[英]Reformat categorical data in R
I have a categorical dataset that I am trying to summarize that has inherent differences in the nature of questions that were asked. 我正在尝试归类一个分类数据集,该数据集在所问问题的性质方面具有内在差异。 The data below represent a questionnaire that had standard close-ended questions, but also questions where one could choose multiple answers from a list.
下面的数据代表了一个问卷调查表,其中包含标准的封闭式问题,也包含可以从列表中选择多个答案的问题。 "village" and "income" represent close-ended questions.
“村庄”和“收入”代表了封闭的问题。 "responsible.1"...etc... represent a list where the respondent either said yes or no to each.

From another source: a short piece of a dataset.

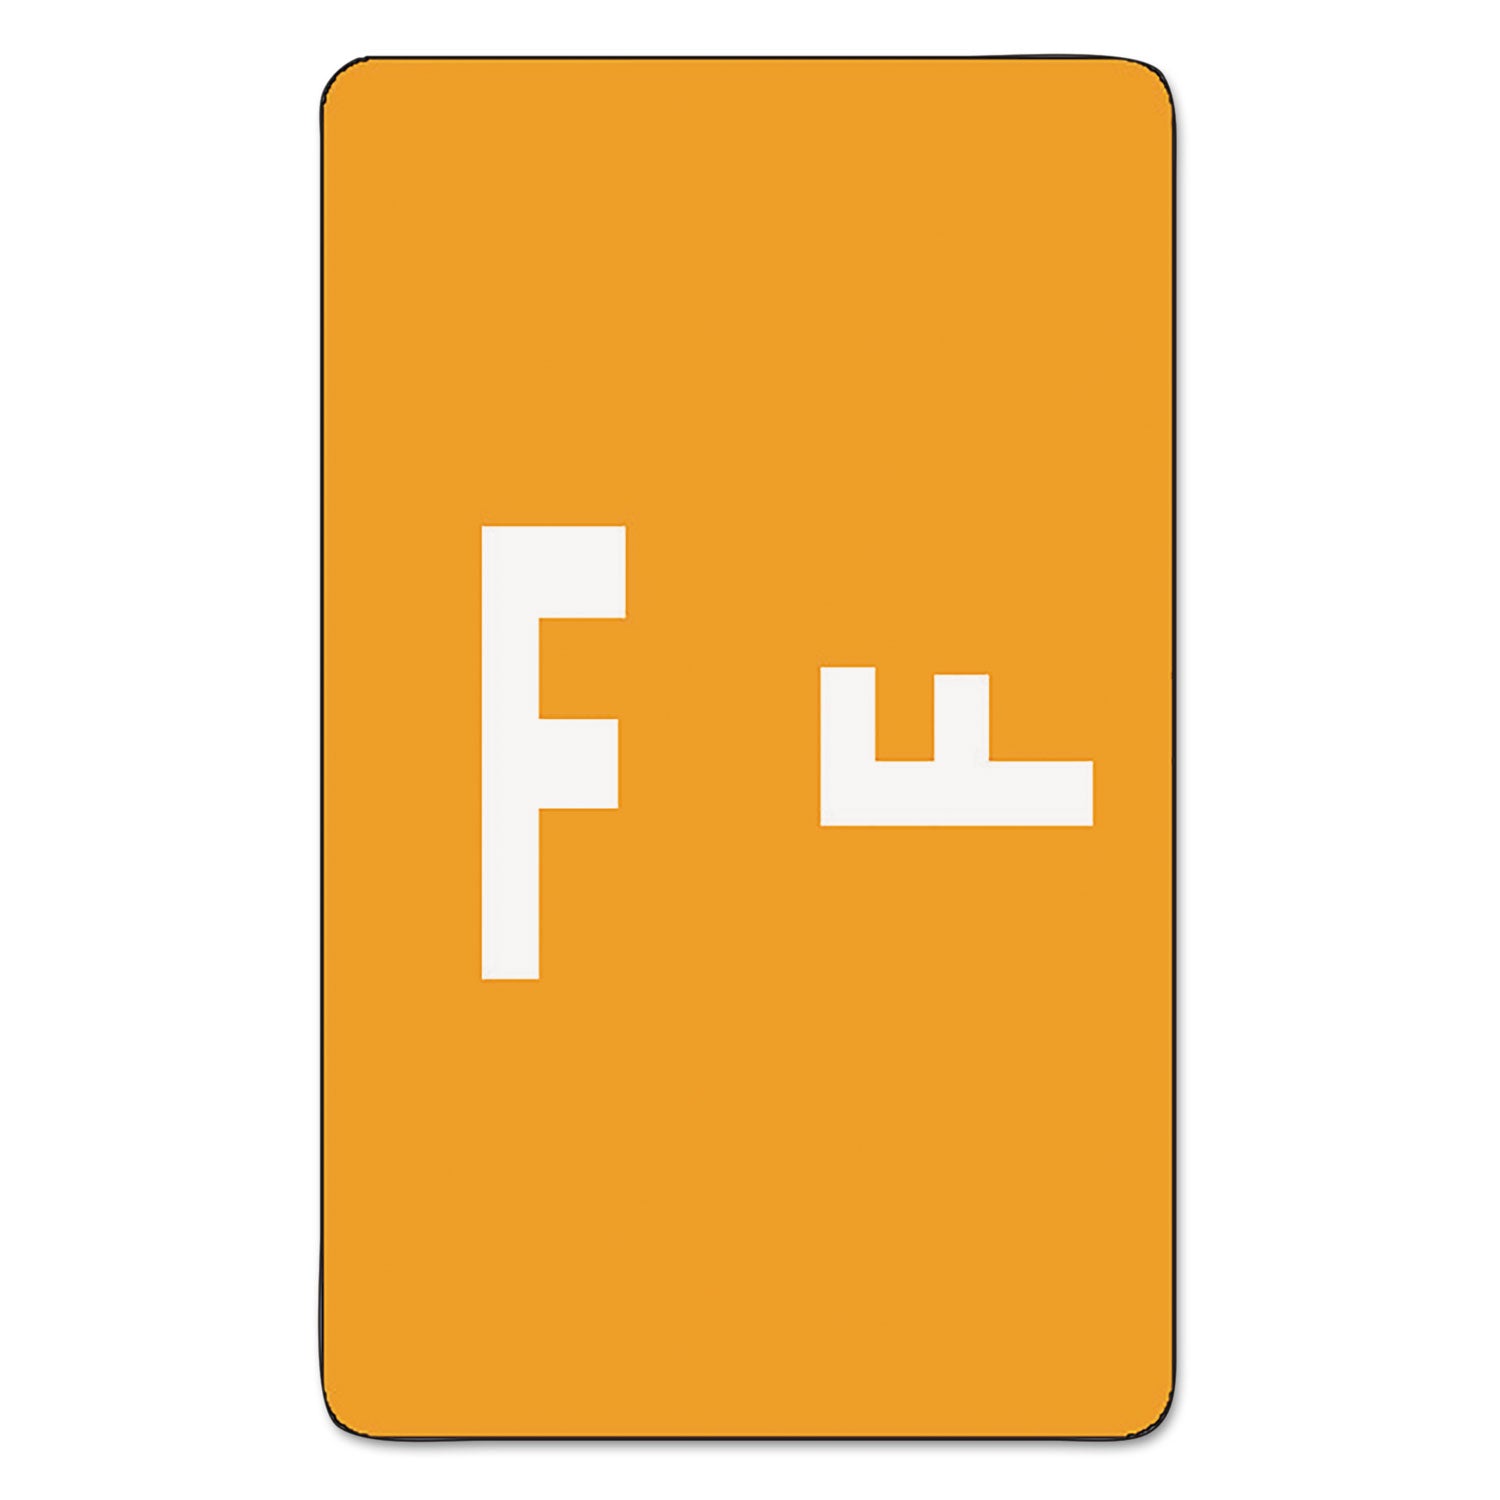 AlphaZ Color-Coded Second Letter Alphabetical Labels, F, 1 x 1.63, Orange, 10/Sheet, 10 Sheets/Pack -

“ responsible.1”等表示被访者对每个人说是或否的列表。
VILLAGE INCOME responsible.1 responsible.2 responsible.3 responsible.4 responsible.5
j both DLNR NA DEQ NA Public
k regular.income DLNR NA NA NA NA
k regular.income DLNR CRM DEQ Mayor NA
l both DLNR NA NA Mayor NA
j both DLNR CRM NA Mayor NA
m regular.income DLNR NA NA NA Public
What I want is a 3-way table output with "village" and the suite of of "responsible" responsible variables wrapped up into a ftable
. 我想要的是一个三向表输出,其中带有“ village”和一组“负责”的负责任变量,这些变量包装在一个
ftable
。 This way, I could use the table with numerous R packages for graphs and analyses. 这样,我可以将带有多个R包的表用于图形和分析。
RESPONSIBLE
VILLAGE INCOME responsible.1 responsible.2 responsible.3 responsible.4 responsible.5
j both 2 1 1 1 1
k regular income 2 1 1 1 0
l both 1 0 0 1 0
m regular income 1 0 0 0 1
as.data.frame(table(village, responsible.1)
would get me the first, but I can't figure out how to get the entire thing wrapped up in a nice ftable
. as.data.frame(table(village, responsible.1)
会让我第一个,但是我不知道如何将整个东西包装在一个好的ftable
。
> aggregate(dat[-(1:2)], dat[1:2], function(x) sum(!is.na(x)) )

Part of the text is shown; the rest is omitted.